Task statement: Without any images, write the listing below out word for word.

Collected data:
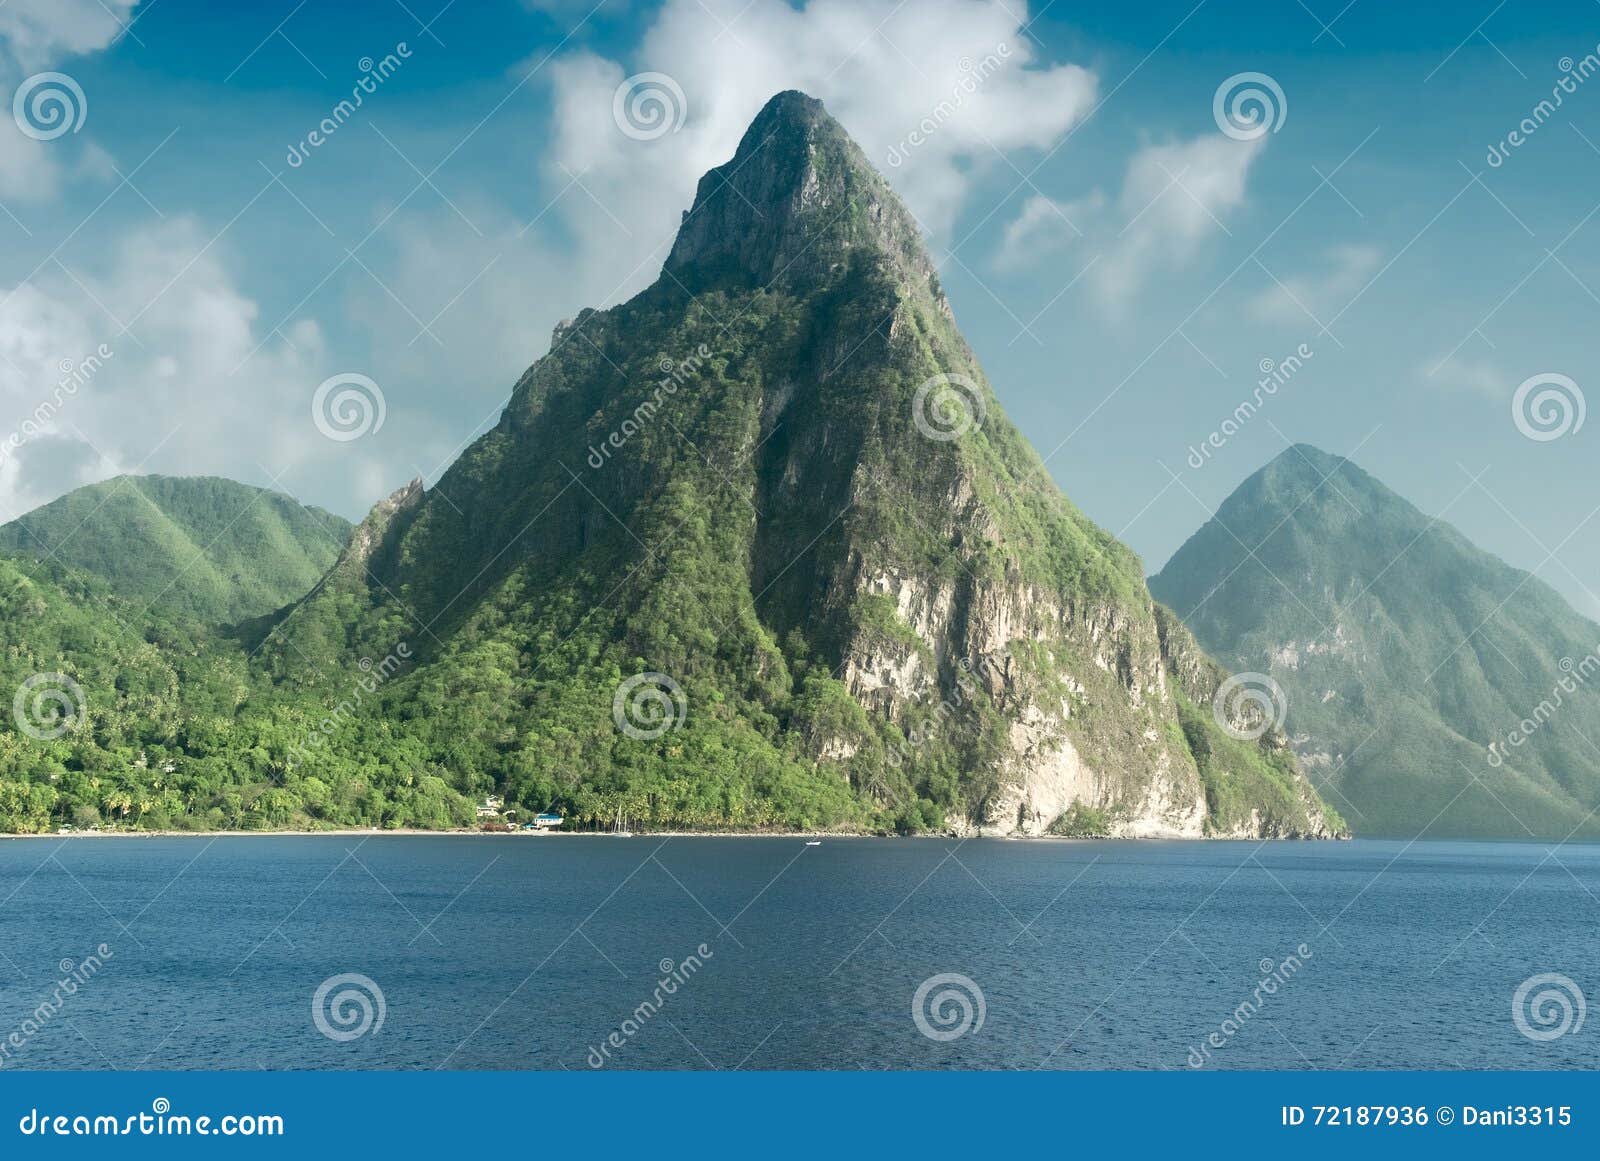 view of the famous piton mountains in st lucia
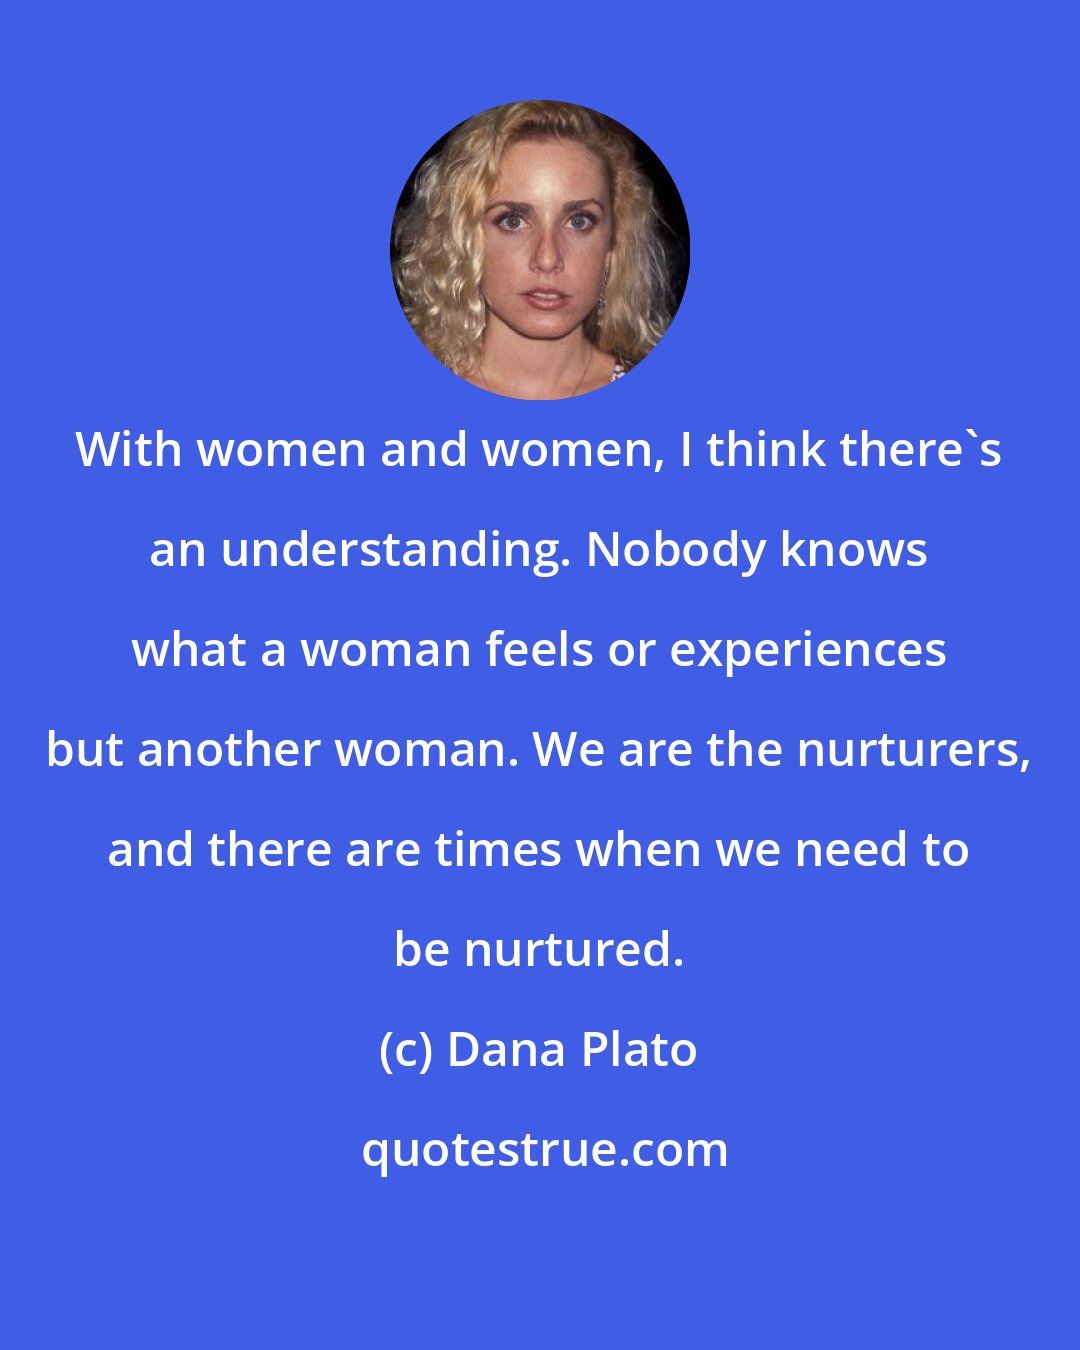 Dana Plato: With women and women, I think there's an understanding. Nobody knows what a woman feels or experiences but another woman. We are the nurturers, and there are times when we need to be nurtured.
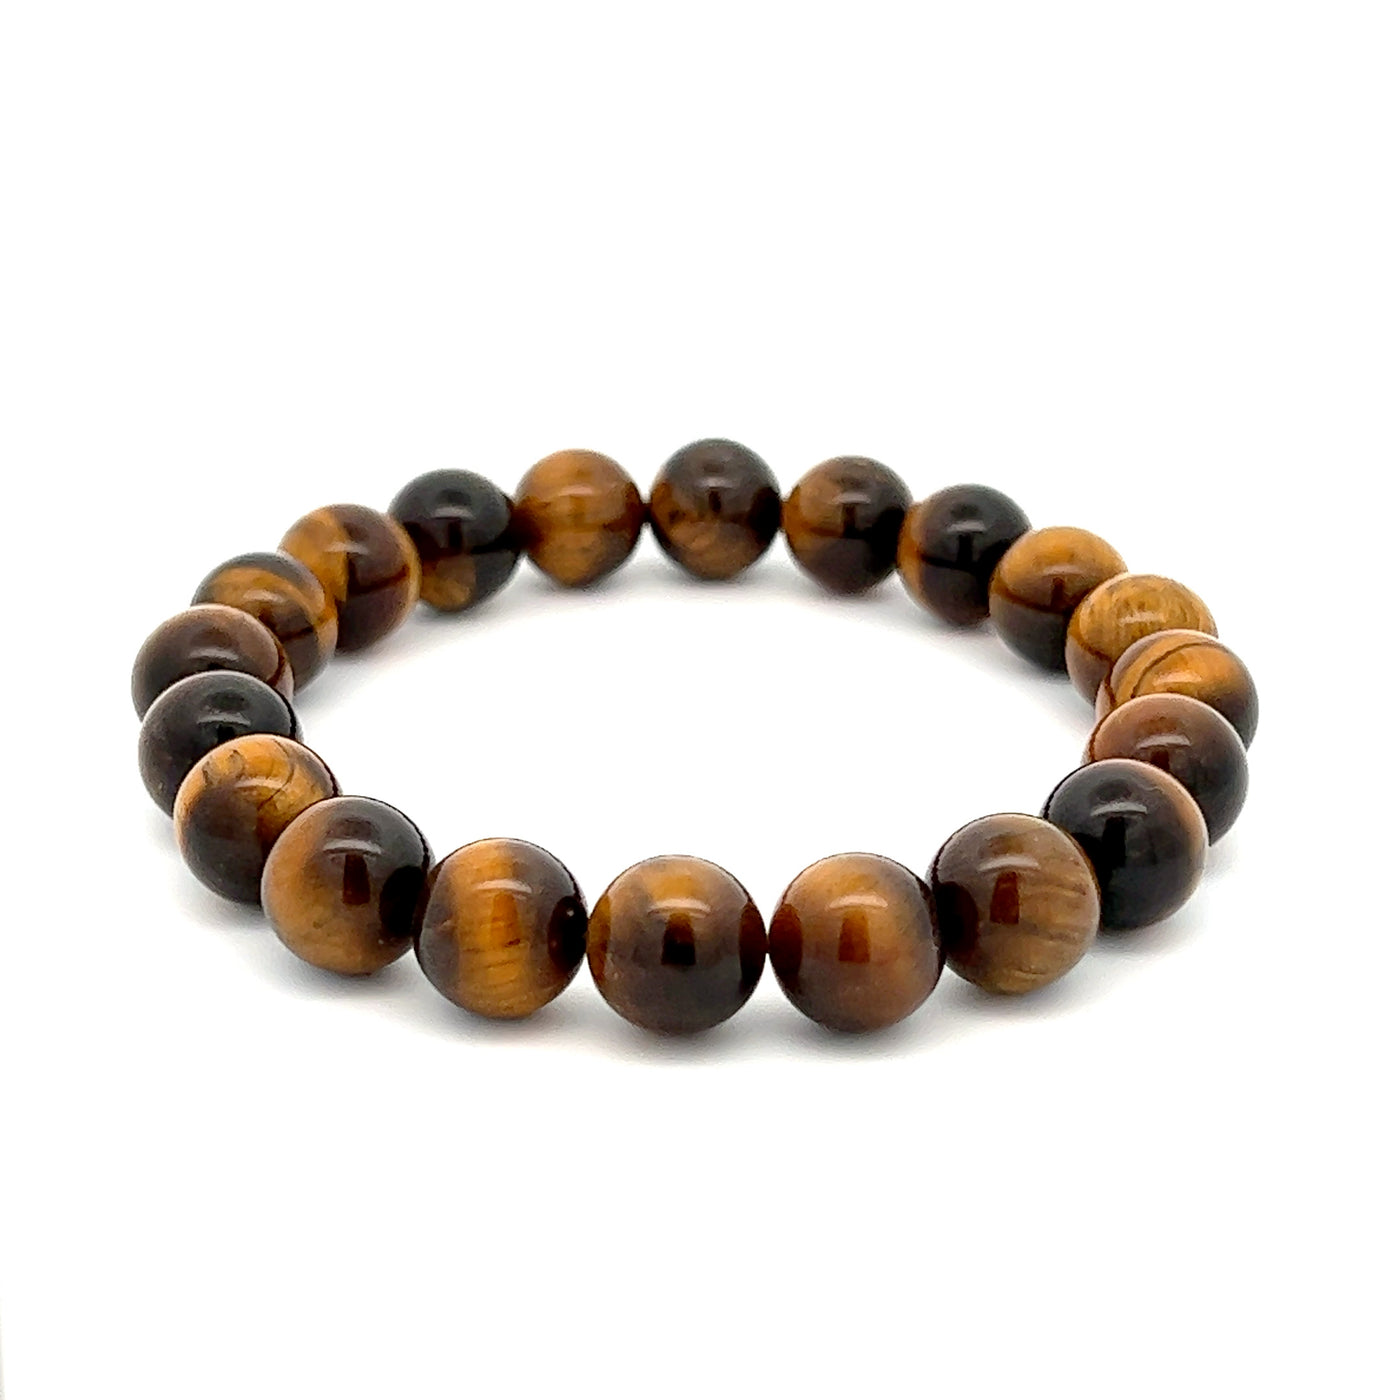 Tiger's Eye Stretchy Bracelet, Handcrafted in Canada
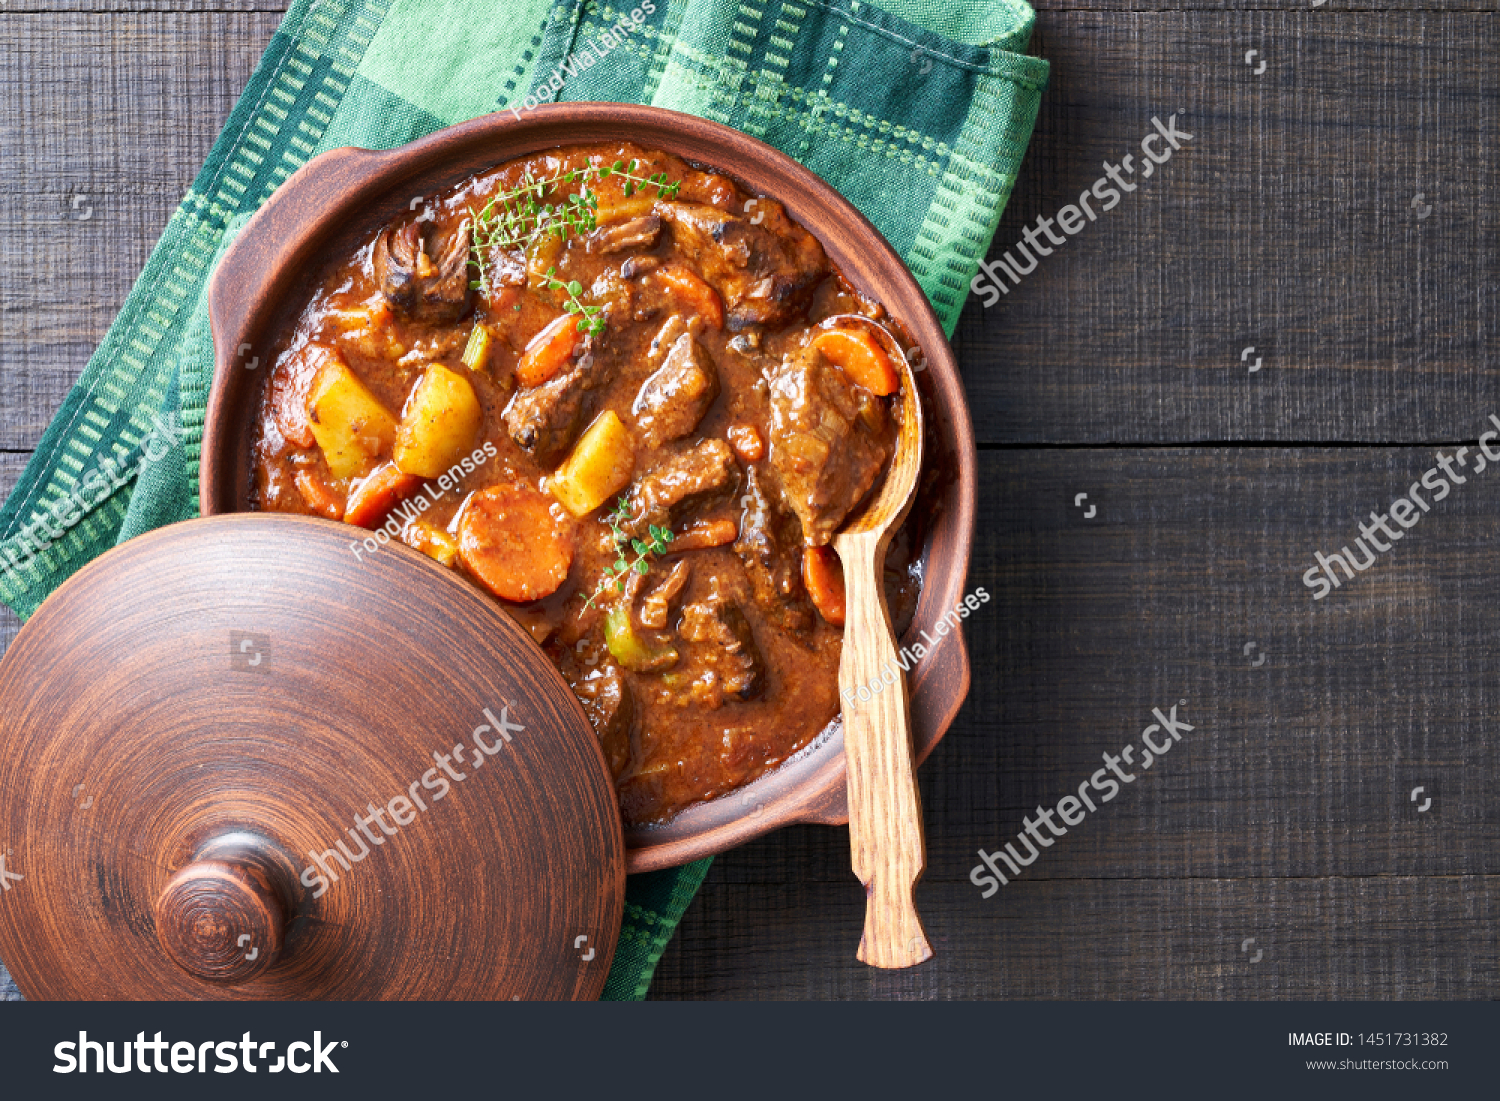 Hearty beer and lamb stew, with potato, carrot, stewed in a dark beer, with thyme stems, served in a clay pot with irish soda bread on a wooden background, top view, copy space #1451731382

Output for this task:
 view of the famous piton mountains in st lucia
 Dana Plato: With women and women, I think there's an understanding. Nobody knows what a woman feels or experiences but another woman. We are the nurturers, and there are times when we need to be nurtured.
 Tiger's Eye Stretchy Bracelet, Handcrafted in Canada
 Hearty beer and lamb stew, with potato, carrot, stewed in a dark beer, with thyme stems, served in a clay pot with irish soda bread on a wooden background, top view, copy space #1451731382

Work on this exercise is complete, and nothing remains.